Recorded information
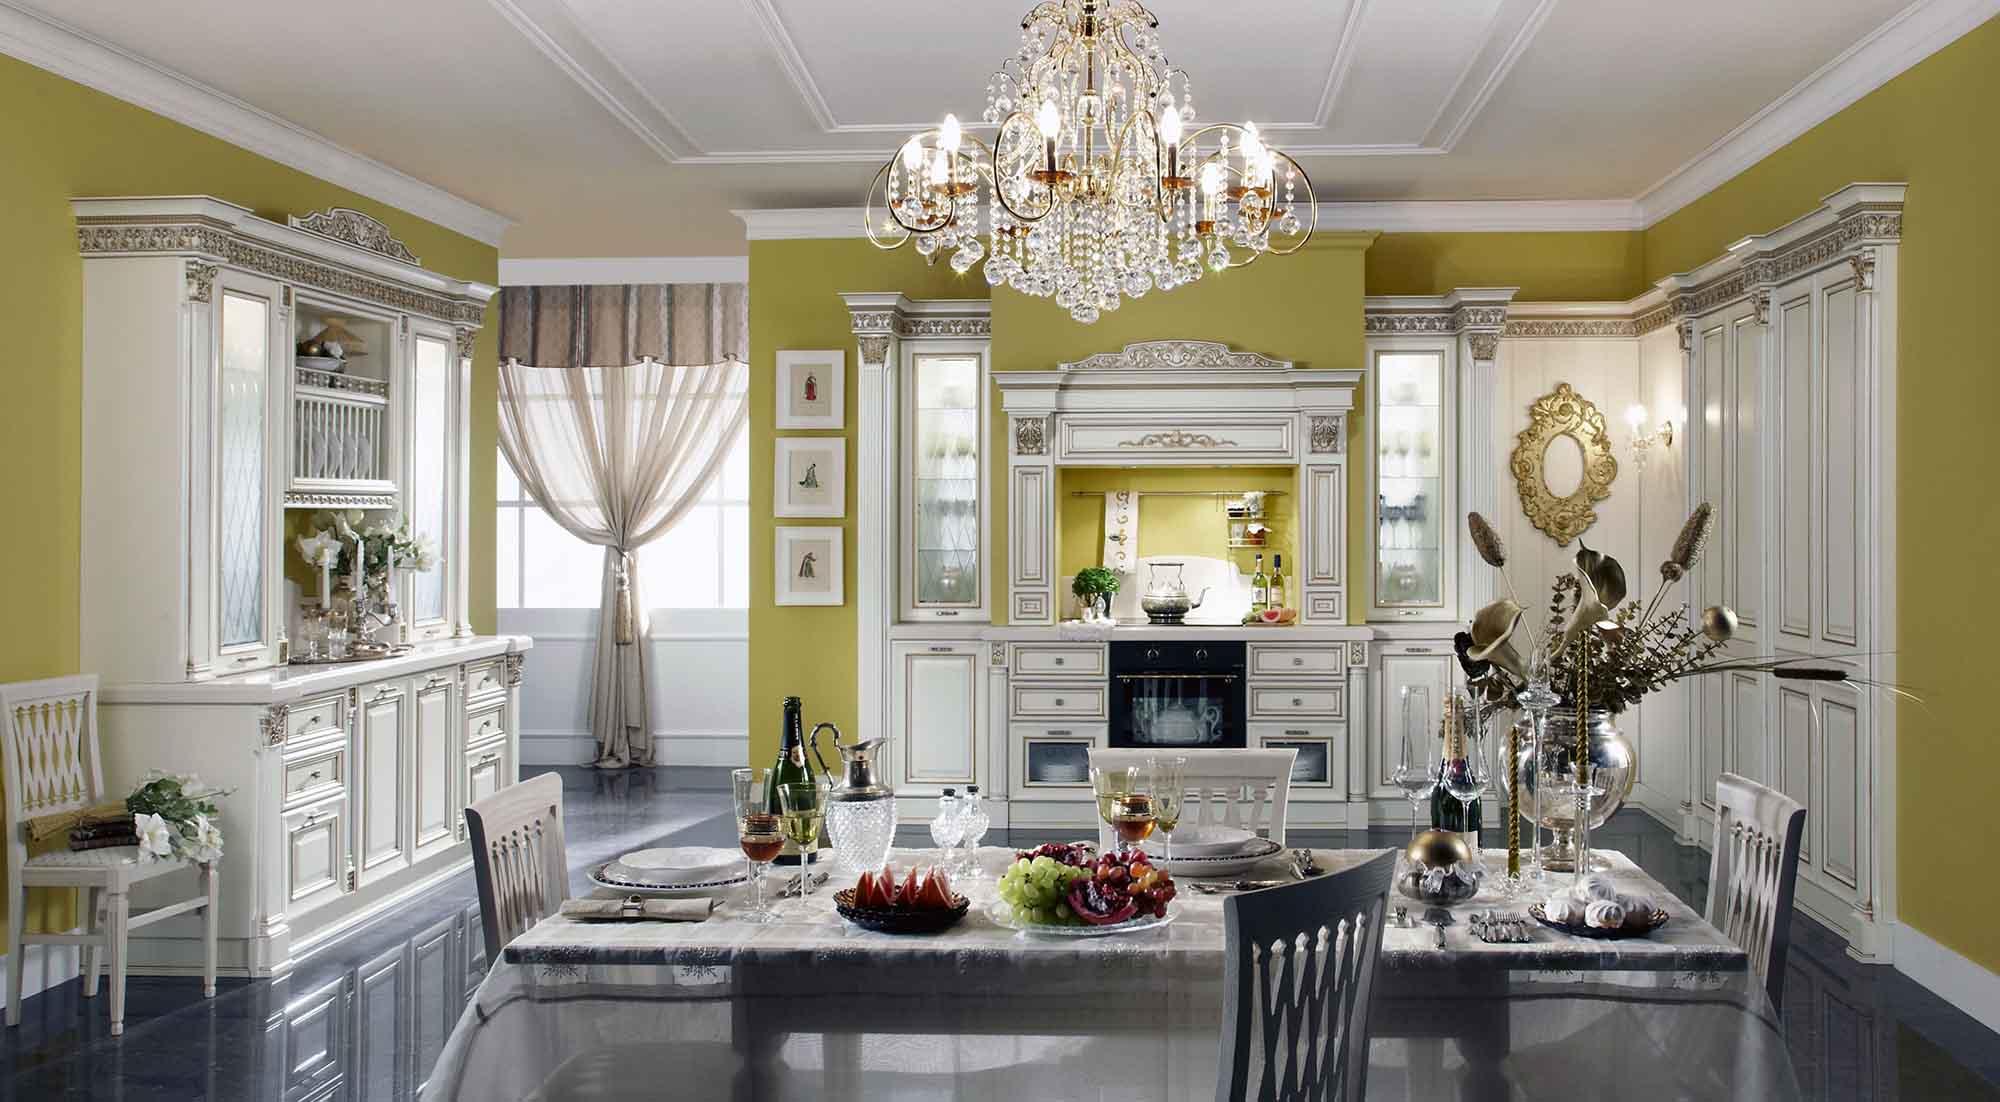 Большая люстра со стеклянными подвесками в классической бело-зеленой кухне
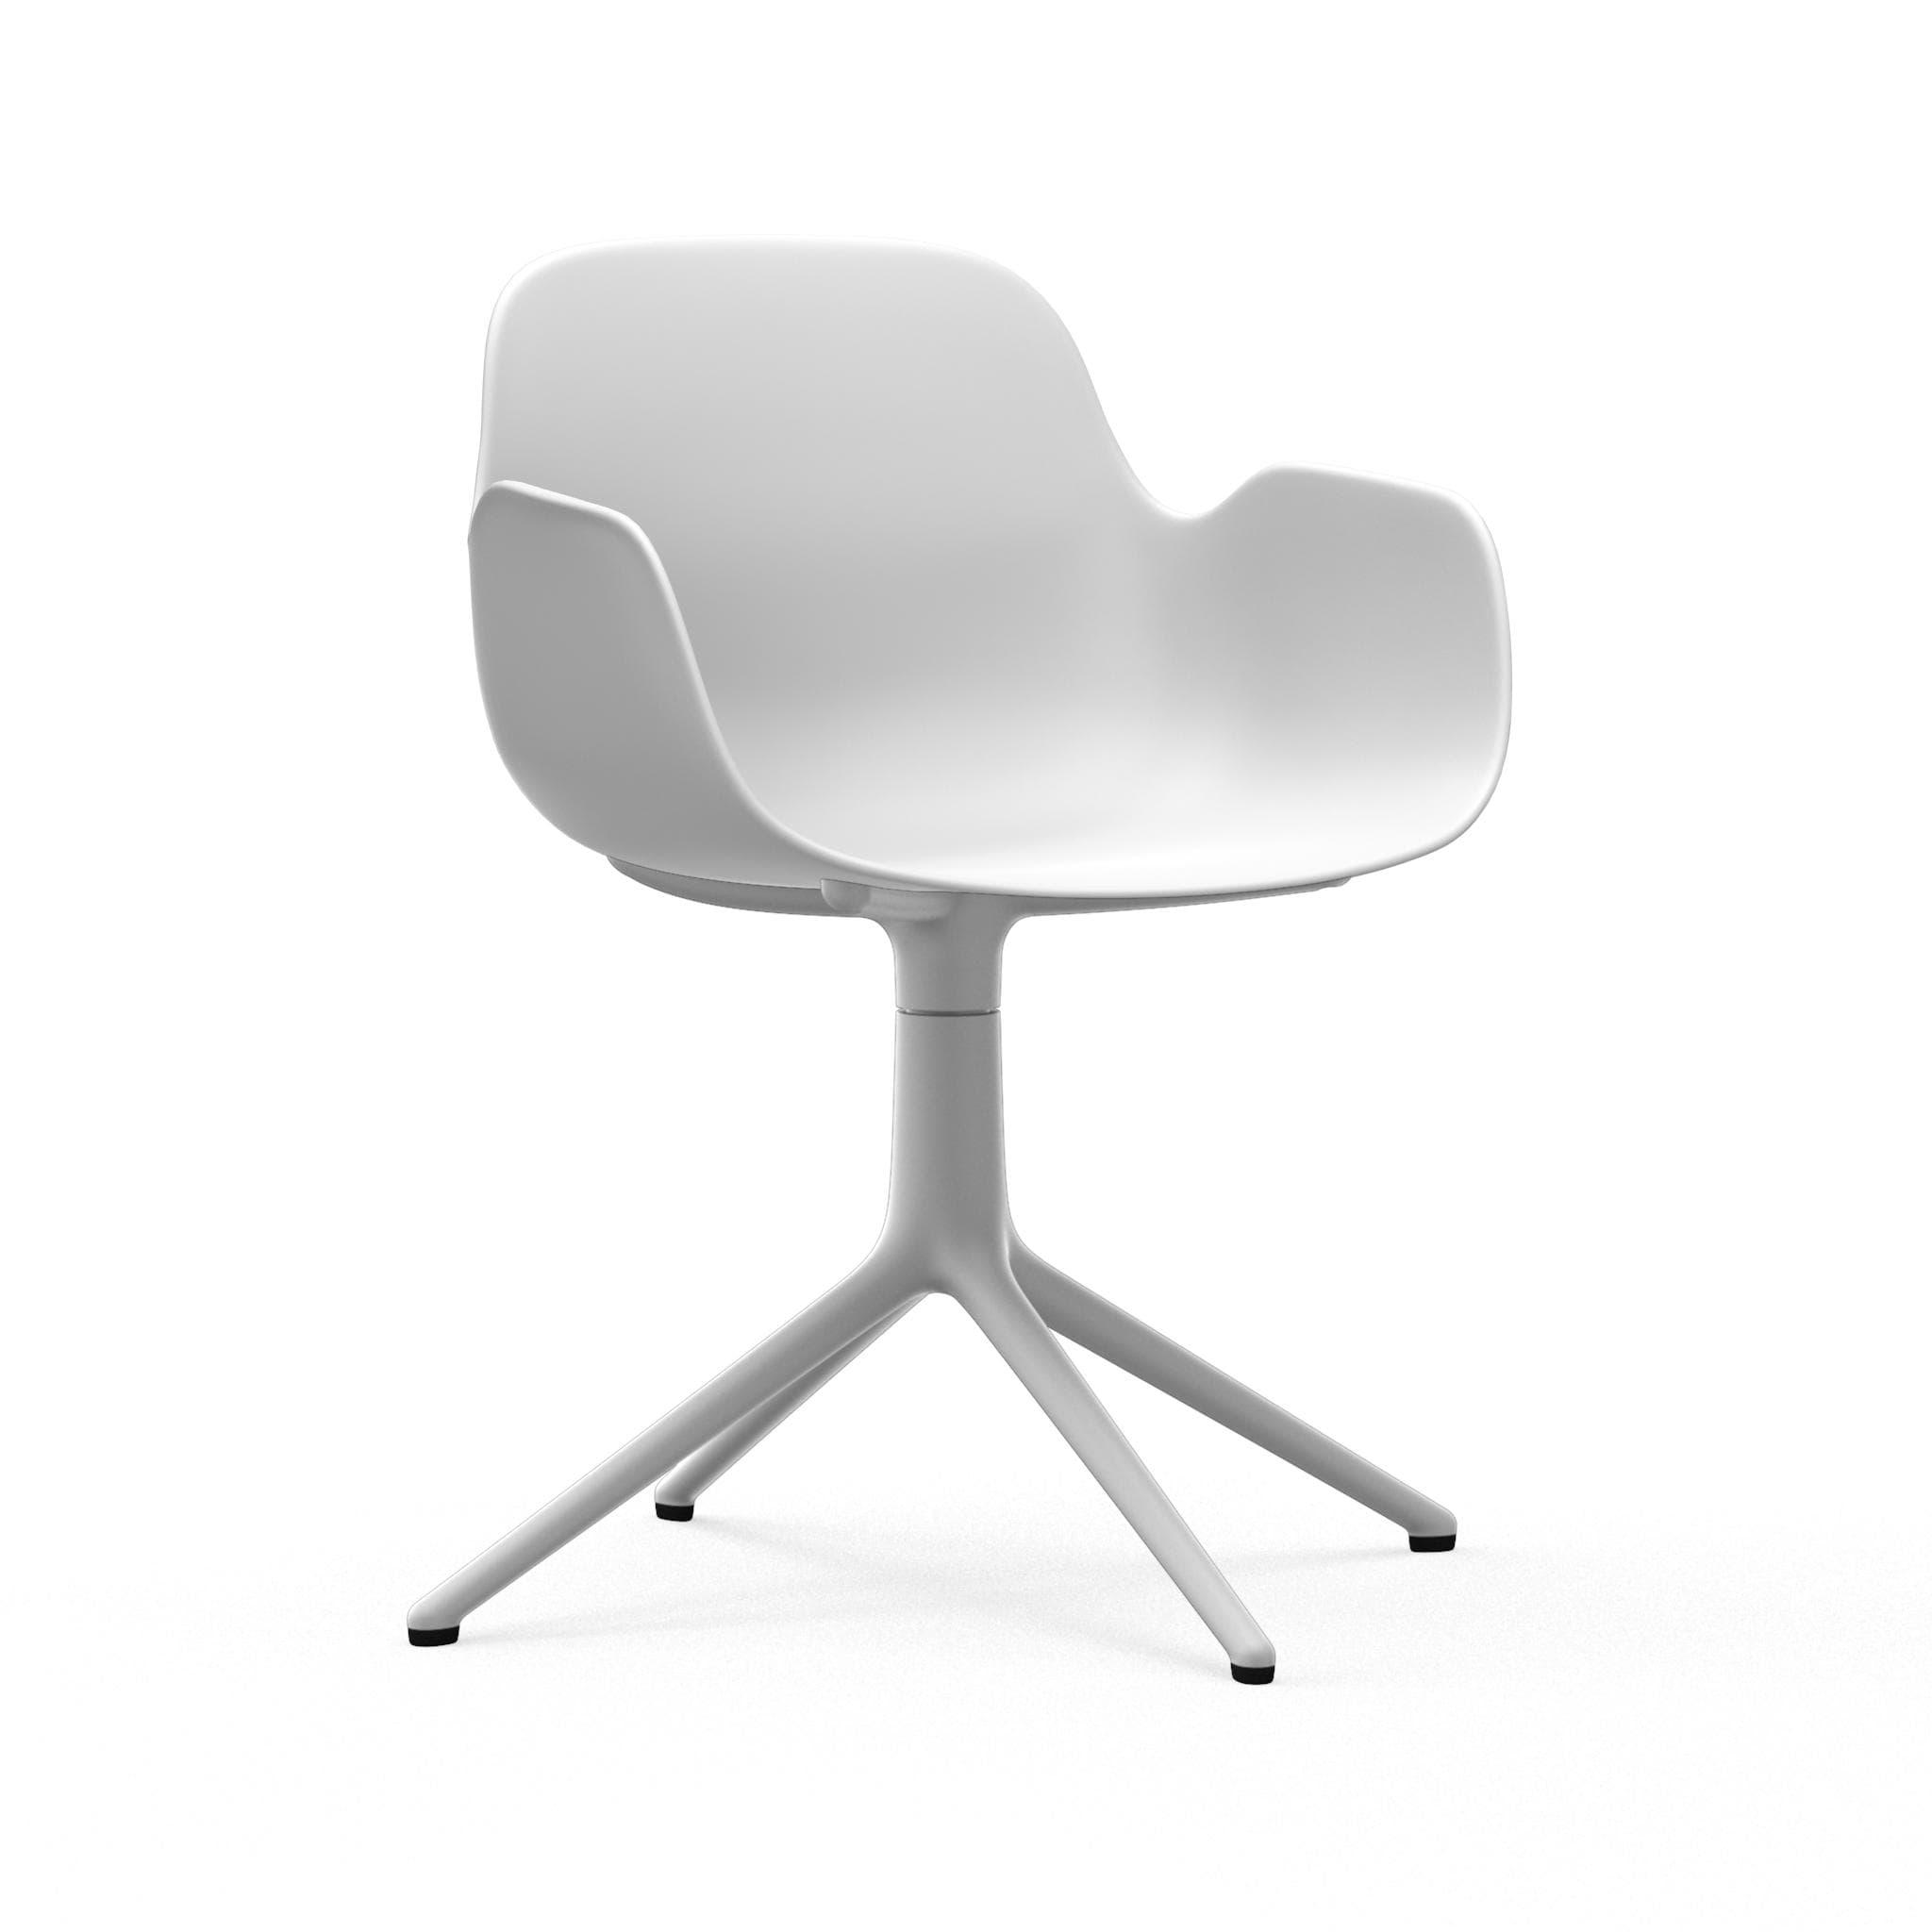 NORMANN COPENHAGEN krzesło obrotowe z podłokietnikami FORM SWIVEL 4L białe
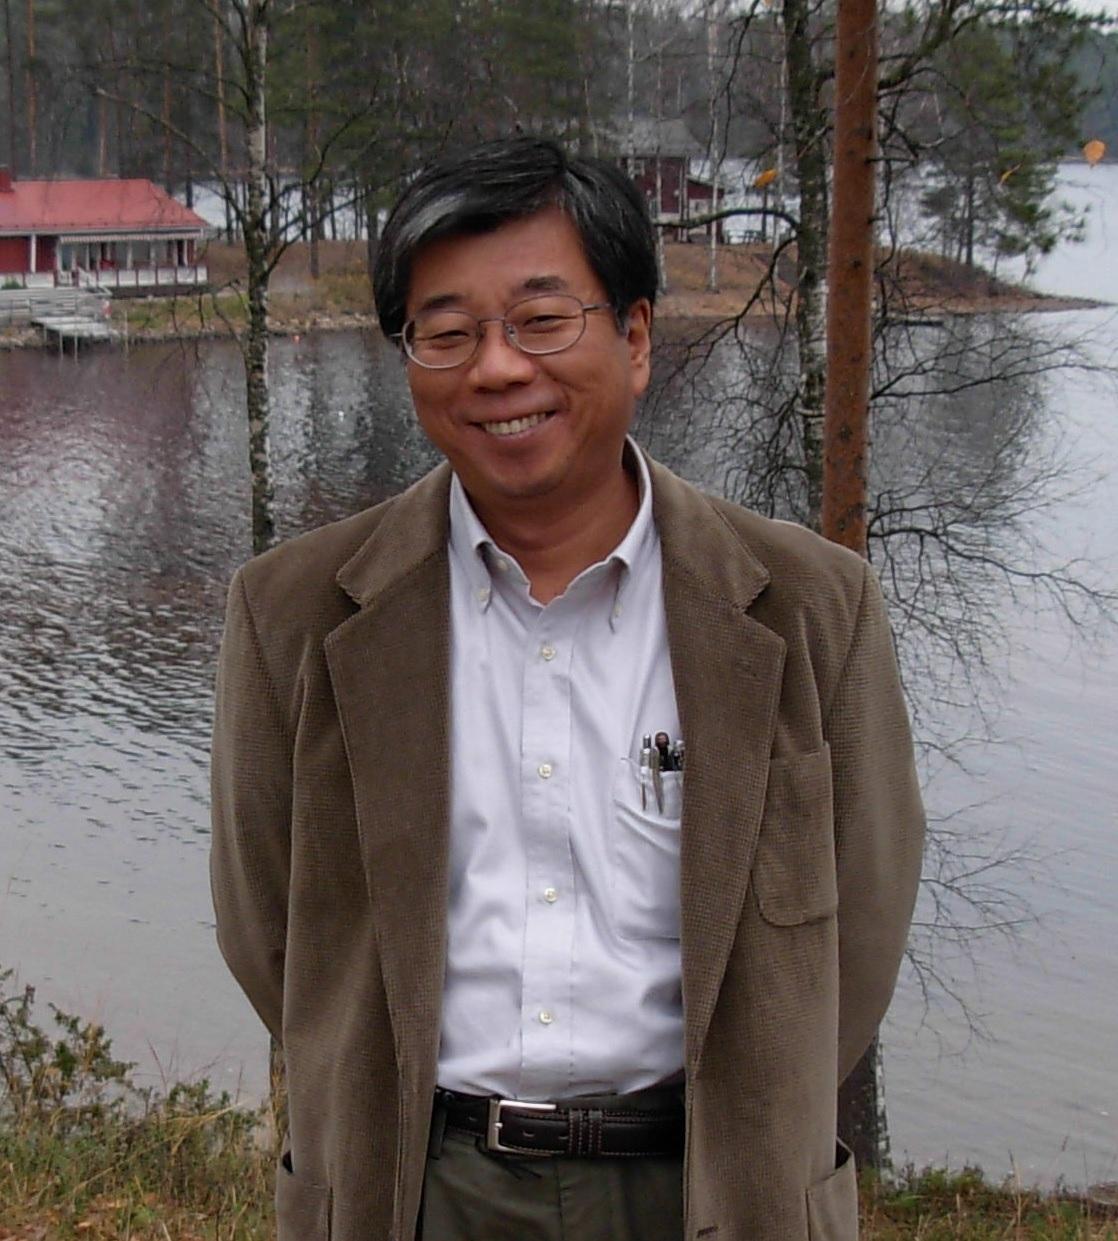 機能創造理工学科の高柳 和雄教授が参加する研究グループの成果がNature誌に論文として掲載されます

What you have to do
Please reproduce verbatim the lines from the line with "NORMANN COPENHAGEN krzesło" through the final line of the listing, inclusive of both ends. Omit all pictures.

Result
 NORMANN COPENHAGEN krzesło obrotowe z podłokietnikami FORM SWIVEL 4L białe
 機能創造理工学科の高柳 和雄教授が参加する研究グループの成果がNature誌に論文として掲載されます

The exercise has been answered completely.